Some of you might have noticed a change this year in the name of the premier award we present to the top farm families in the state.
After much discussion, Kansas Farmer and Kansas State Research and Extension changed the name of the “Kansas Master Farmer and Master Farm Homemaker Award” to “Kansas Master Farm Family Award.”
It’s not the first name change for the award.
In 1927, Arthur Capper, then the publisher of Kansas Farmer magazine, created the first class of Kansas Master Farmers and the Kansas Master Farmer Association. In 1928, The Farmers Wife magazine chose to follow suit and create the Master Farm Homemaker Guild with the Master Farm Homemaker award as its prize.
The two organizations ran separately under competing magazines until The Farmers Wife closed in 1940, and Capper offered to sponsor the guild and thus combined the prizes into one recognition for married couples.
And that worked OK for the next 70 years.
But looking at the next generation of farmers taking over Kansas agriculture, we started to wonder if the name of the award might also start reflecting the changing farm families in Kansas.

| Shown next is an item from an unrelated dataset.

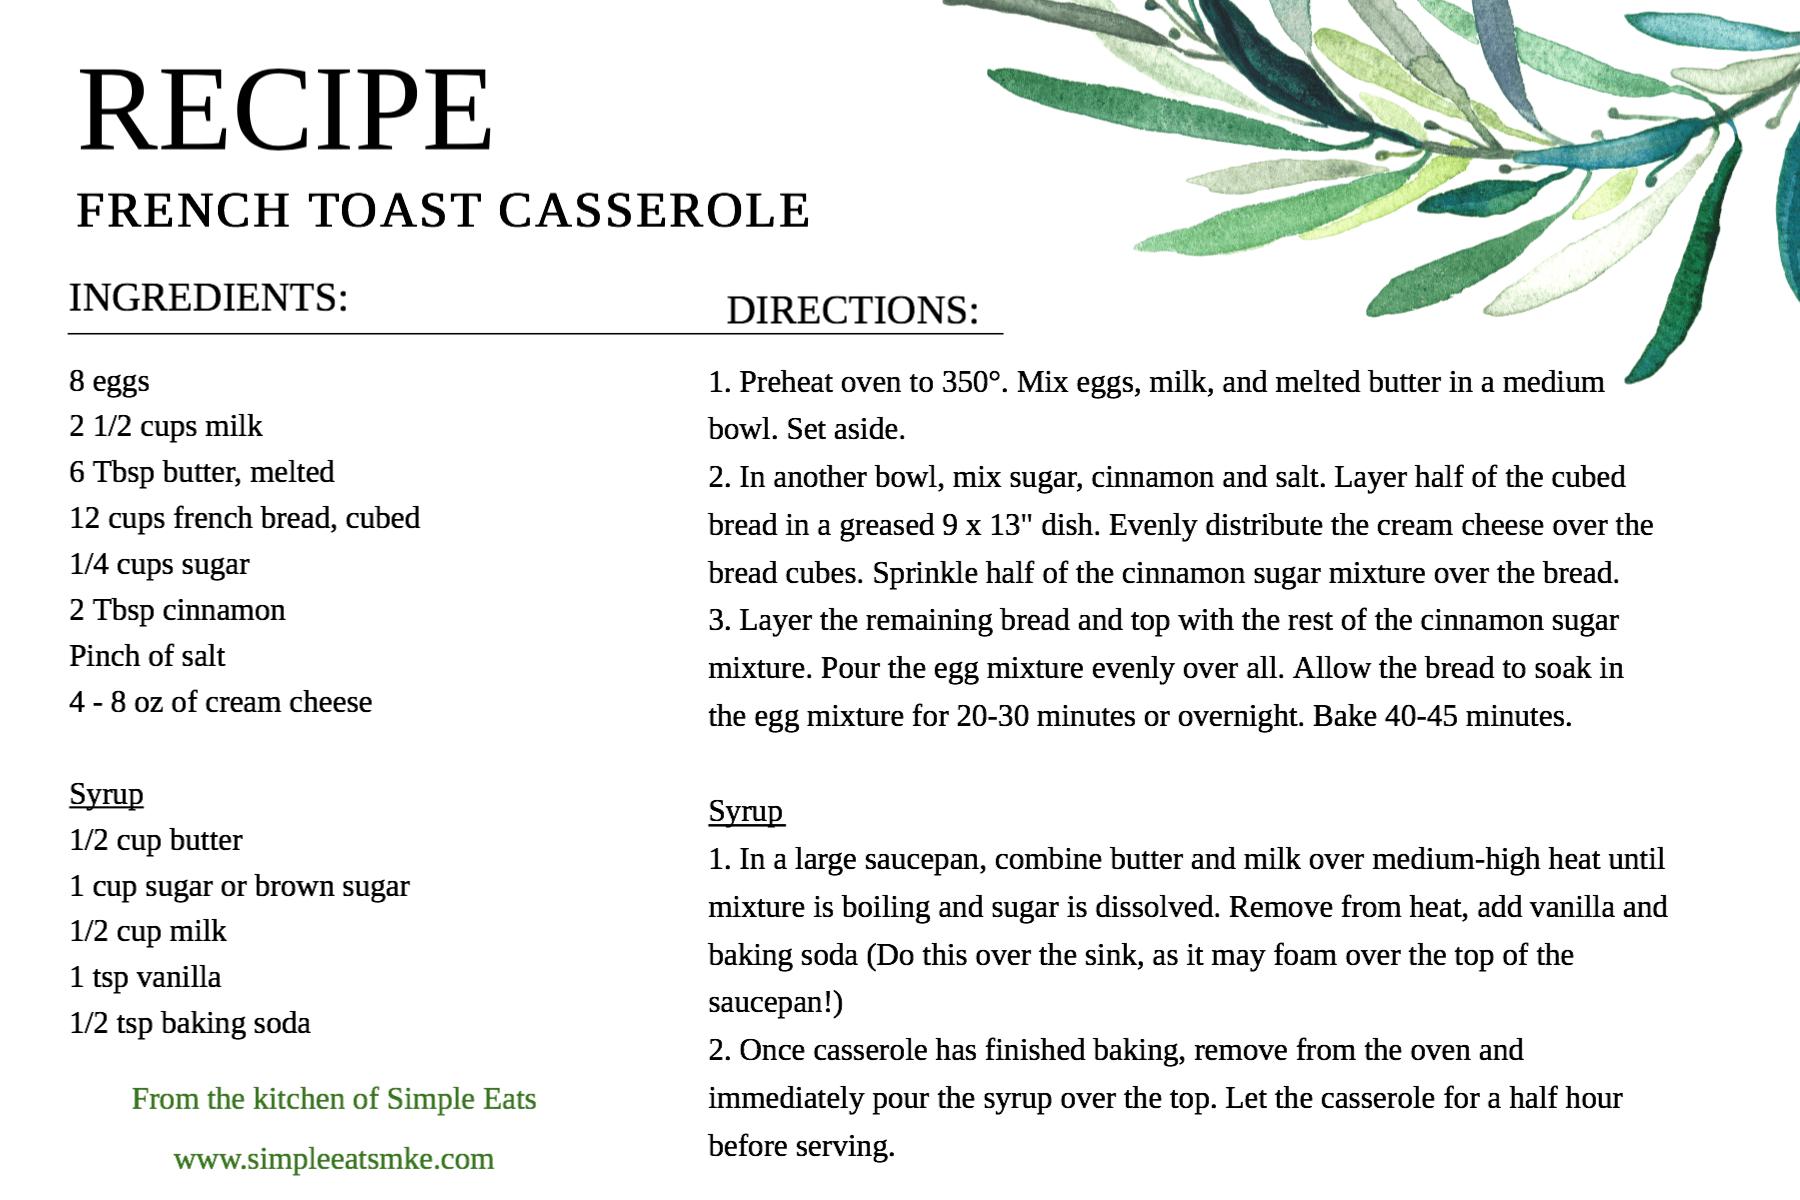 French Toast Casserole.jpg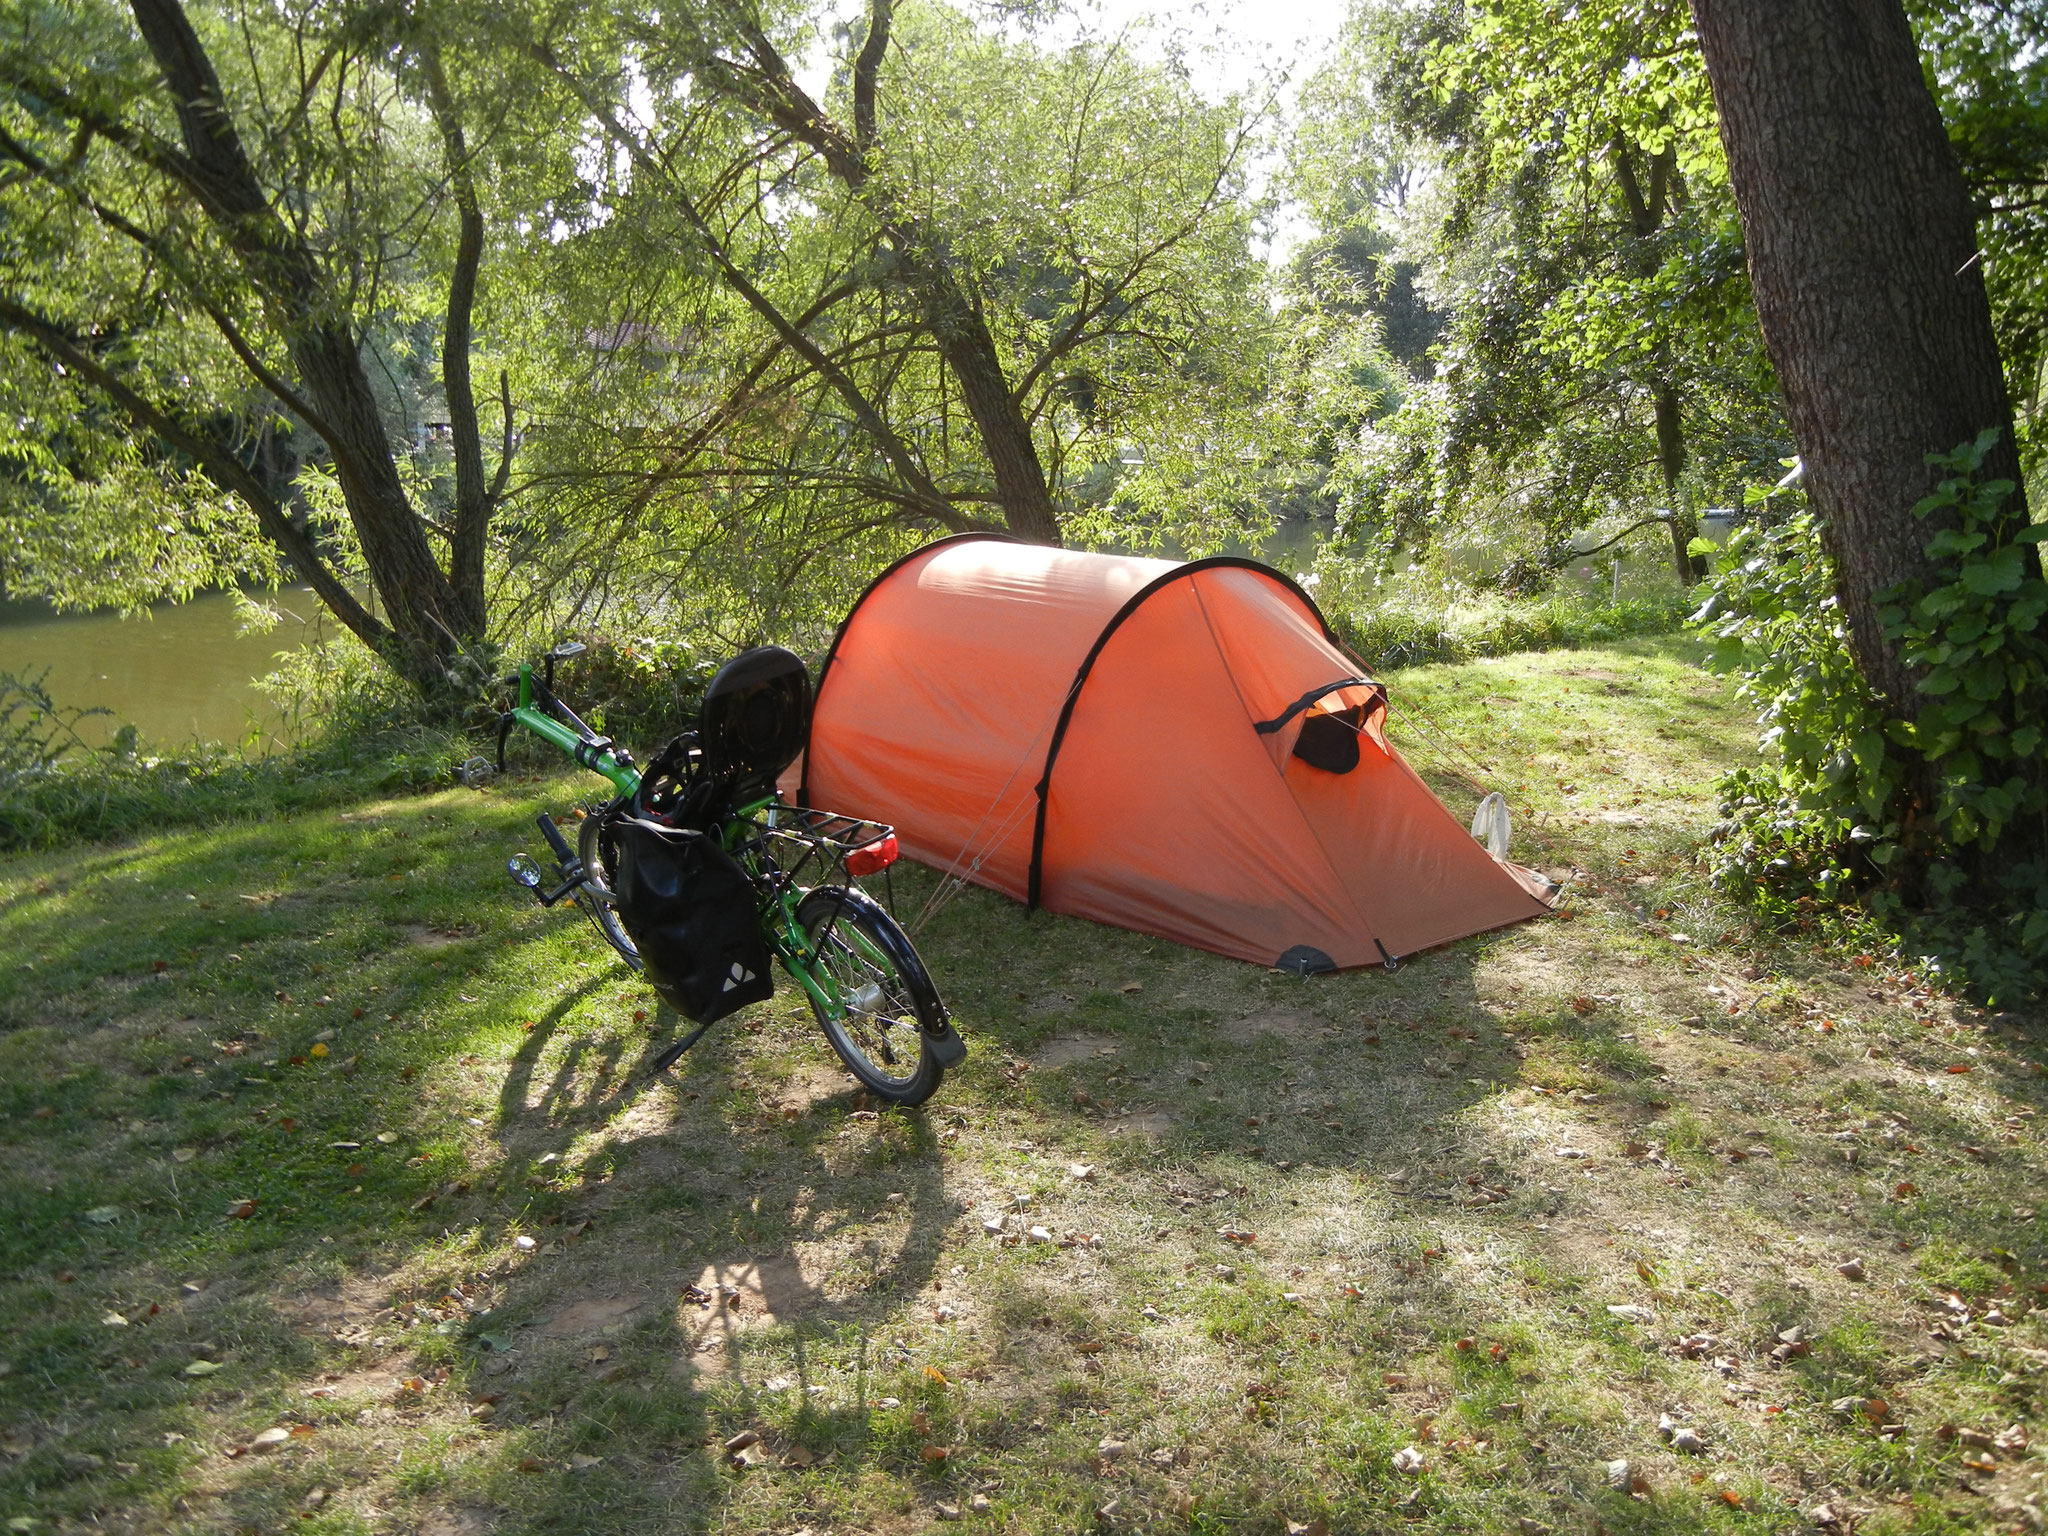 Camping in Rotenburg

There are plenty of nontraditional farm family arrangements out there. Parents farming with sons and daughters in equal roles on the farm is not as unusual as it might have been even a decade ago. Siblings farming in equal partnership, or women-led farms, don’t exactly fit under a farmer-farm homemaker label. These are all farms worthy of being recognized for their excellence in agriculture and community leadership.
While we’re looking ahead to the future Master Farm Families that are to come, we haven’t forgotten the rich legacy of the Master Farmers and Farm Homemakers who broke ground for us.
Far from it.
The Kansas Master Farmer Association and Kansas Master Farm Homemaker Guild will continue to be their separate entities, and Master Farm Family honorees will be able to join either organization of their choosing. That won’t change. And the goals of those organizations of promoting agriculture and community service won’t change either.
I, for one, am so proud that our state is one of the few states who has organizations like this, and recognitions like this award, to showcase the outstanding work of our farm families. There’s so much history we capture in telling award honorees’ stories. And if you look at the list of past winners, it is a list of great families who’ve made great contributions to advancing Kansas agriculture.
And that’s one of the goals I’ve set for myself as the editor of Kansas Farmer: to go back through the history of the award, and bring those stories forward in some fashion so that future generations might learn from them.
You know, each time I sit down with an honored couple, I marvel at how they’re building on their family farm legacies and making room for the next generation to come on board and find their own niche in the family operation.
Sons bring home agronomy degrees and take on the crop management for the irrigated corn farm in western Kansas. Daughters return with agribusiness or animal science degrees and take on the livestock enterprises of the family ranch in eastern Kansas.
A nephew may handle the equipment and technology needs of the multigenerational family farm that his father and uncle head up in south-central Kansas. A single woman may be using a flock of goats to improve soil health of the plot of land she bought and direct-markets their meat and milk to consumers at the farmers market near one of the metroplexes in the state.
There’s room for them all in Kansas. They all play a vital role in our agricultural economy. They all contribute to our community vitality.
The award should reflect them and other Kansas farm families of the future.